Hope died hard in the matter of Joe but the days passed without any word of him or his ship. It was over three years since Joe had been home and Pat always knew, when she surprised a certain look in mother's eyes, that she was longing for her sailor boy. It would shadow mother's Christmas a bit if Joe didn't get home in time for it.

Pat had hoped for a fine Christmas day, clear and crisp, with a crackle of frost and unspoiled fields of snow and caps of lovely white fur on the posts down the lane: but she felt dubious as she took her last look from the kitchen door late on Christmas Eve. She and Judy had stayed up to make the stuffing for "the birds" but Judy was now folding weary hands for slumber in the kitchen chamber and Tillytuck had gone to sleep, perchance to snore, in the granary loft. A snarling, quarrelsome wind was fighting with the white birches and wailing around the barns. It did not sound like a fine day on the morrow but one must hope for the best, as Judy said. Pat shut out the chill of the winter night and paused a moment in the warm old kitchen to gloat over things in general. Everything she loved best was safe under her roof. The house seemed breathing softly and contentedly in its sleep. Life was very sweet.

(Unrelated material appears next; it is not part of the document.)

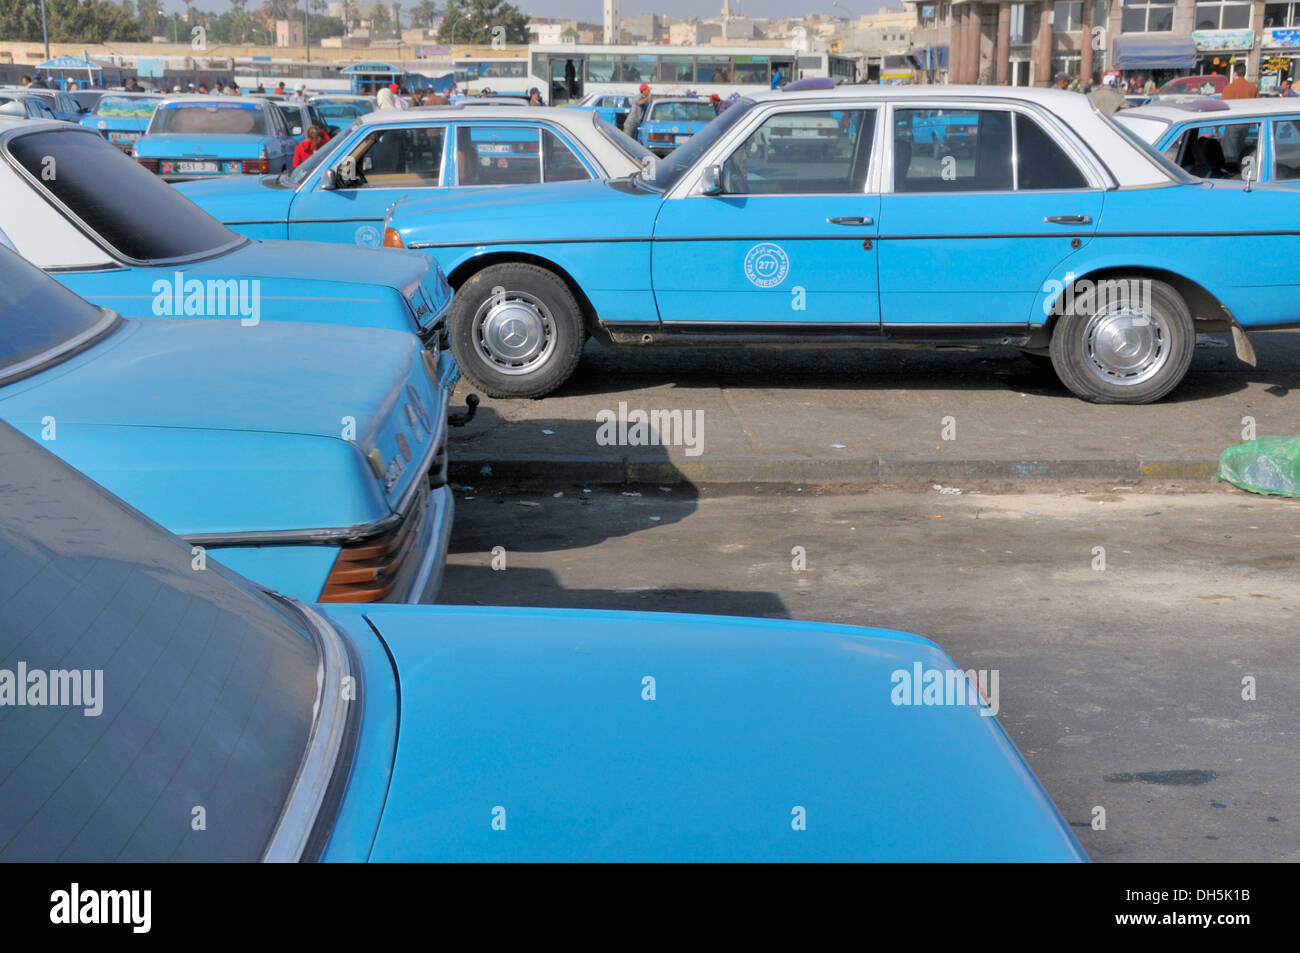 Taxi rank with Grand Taxis in Inezgane, a major transportation hub south of Agadir, Morocco, Africa Stock Photo

Pat's hopes for a fine day were vain. Christmas morning dawned on a dreadful combination of fog and rain. Rain by itself, Pat always thought, was an honest thing ... fog lovely and eerie ... but together they were horrible. Tillytuck agreed with her.

"It's fogging, Judy," he said dolefully when he came in for breakfast. "Fogging hard. I can put up with a rainy day but I can't come these half-and-halfs, like a woman who never knows her own mind. No, sir."